PHB chapter 4: Classes

This is a massive chapter. It takes up about half the book. The main reason for this: Everything about a class is located right in the section for that class. All the powers are there — no more flipping to the back of the book for spells.

Except, you know, for rituals. Which has a separate chapter at… the back of the book. I’m not sure I grasp the logic here. Putting the combat abilities in their respective classes’ sections was a good thing; why not put the rituals there, too, even if it’s in a separate section tacked on after the powers? I’m guessing it’s because there’d be some overlap, and they only want to print each one once, and with no “See the cleric ritual of the same name” messages. Still… it’s a bit strange to segregate the rituals this way.

The saving grace is that rituals won’t be used nearly as often as powers, so having them off by themselves in a separate chapter isn’t really too bad.

As to the classes themselves… they’re laid out pretty nicely, really. Each gets a splash page with basic game mechanics info in a shaded box for quick reference. The rest of the page is filled with some flavor text to give a new player an idea of the concept the class embodies. (Sure, “fighter” is pretty clear, but it’s somewhat useful to distinguish between “warlock” and “wizard”, for instance.) There’s a blurb about creating a member of the class, which encapsulates the primary build options (two per class, usually) and the primary characteristics of the class, followed by some deeper inspection of both the build options. Following all of which, the book introduces the class features and leads into the long list of powers.

It’s a convenient layout. Classes seem less flexible than I’d hoped, though. Most classes have only four discretionary at-will powers to choose from, for instance — and it’s almost always two suited to each of the builds. Clerics, for instance, can be battle clerics, focused on smiting the infidel, or devoted clerics, focused on supporting the… fidel. Or at least the rest of their party.

This will no doubt be helpful to new players. The sample builds will offer some guidance as to how the character can develop, and it’s pretty easy to pick powers that are suited to those builds.

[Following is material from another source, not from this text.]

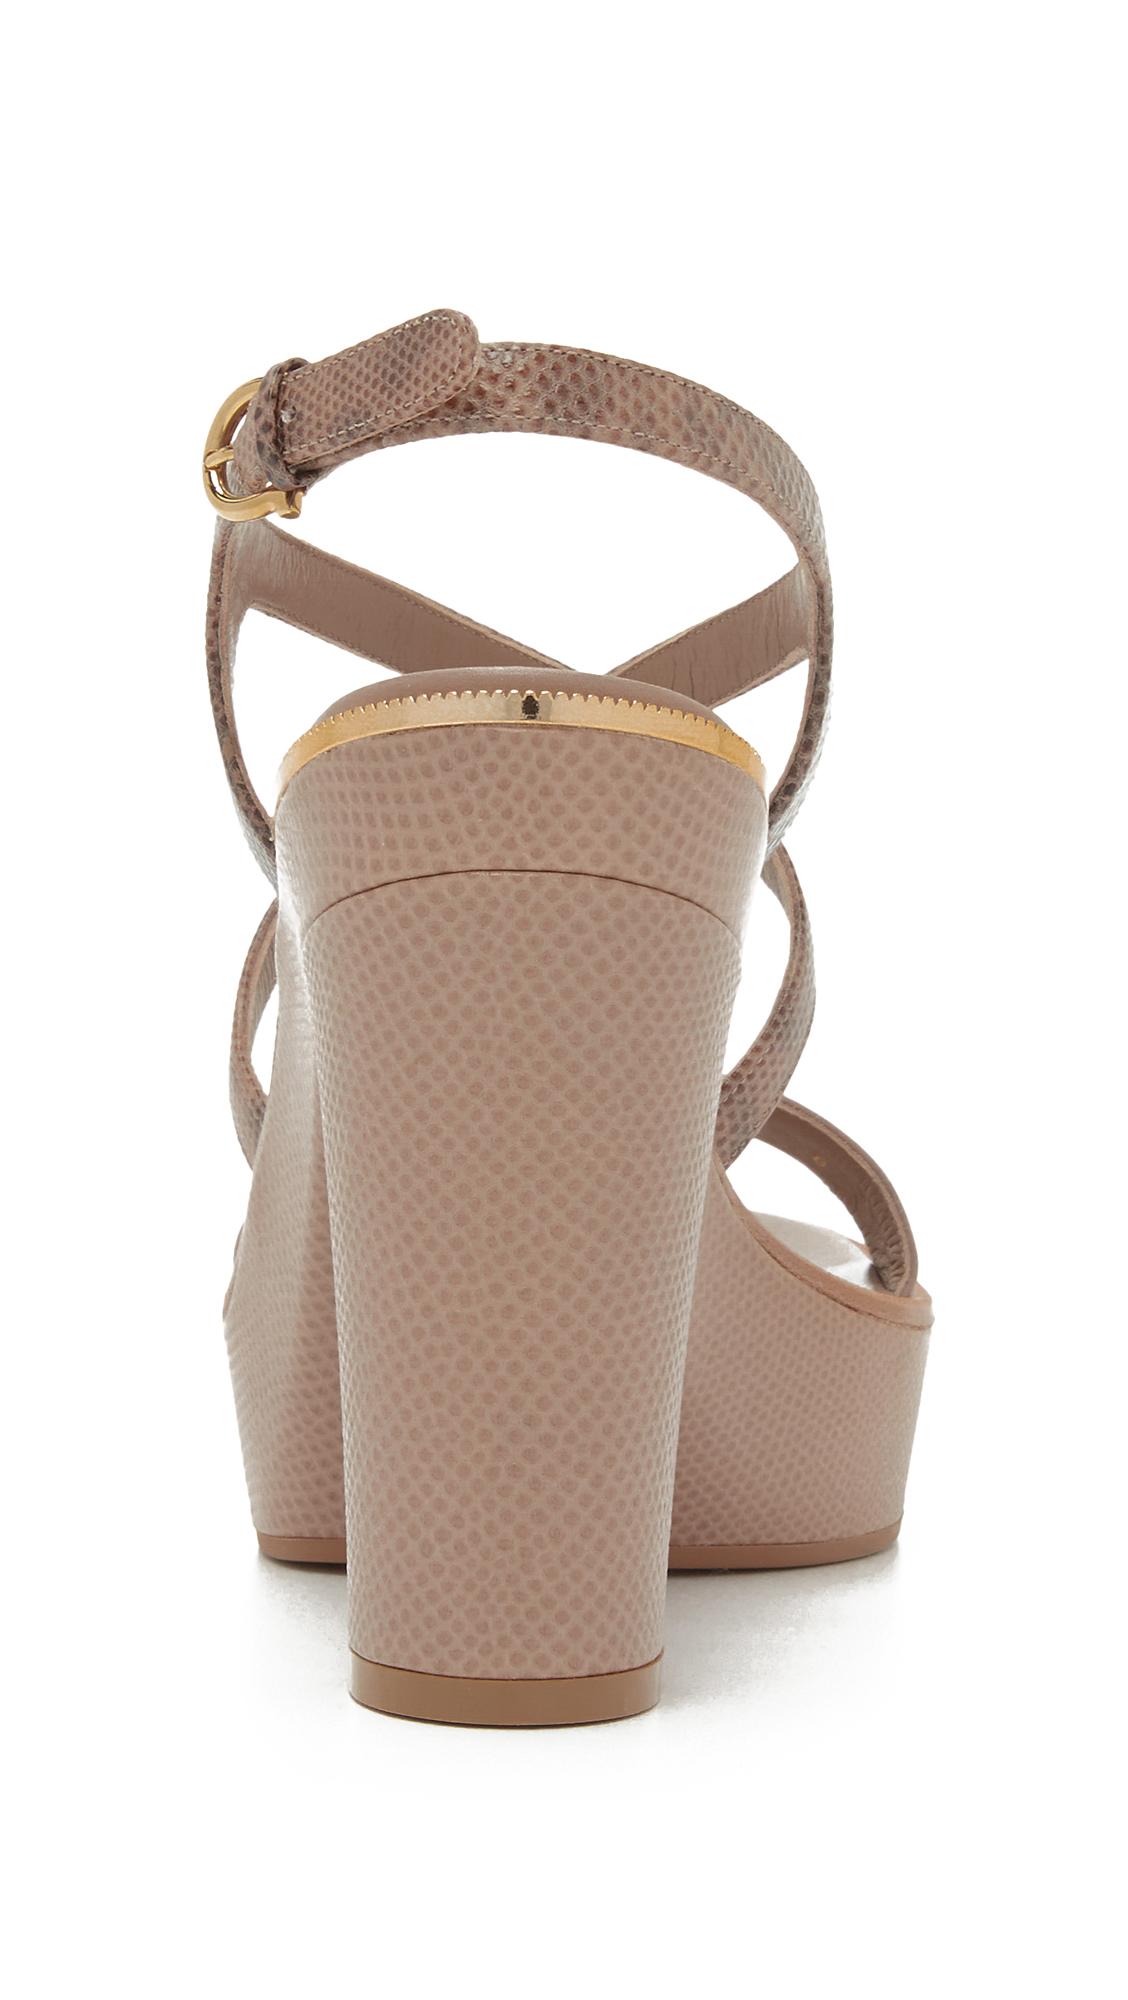 b0b4f76340e6 Salvatore Ferragamo Gina Platform Sandals

It’s not hard to mix-and-match, either, mind you. But the options are limited. You’ll have two of only four possible at-will powers at first level. (Unless you’re a wizard; wizards get five options.) The human’s extra at-will power isn’t a big bonus, in this light — they get three of the four (or five), which offers them one more option, but usually one that’s counterpoint to the focus of their build.

I imagine that new powers will proliferate in sourcebooks, sort of like feats did for 3e/3.5e. It shouldn’t be hard at all for an experienced GM to introduce some more options, but that GM will need to keep an eye on balance.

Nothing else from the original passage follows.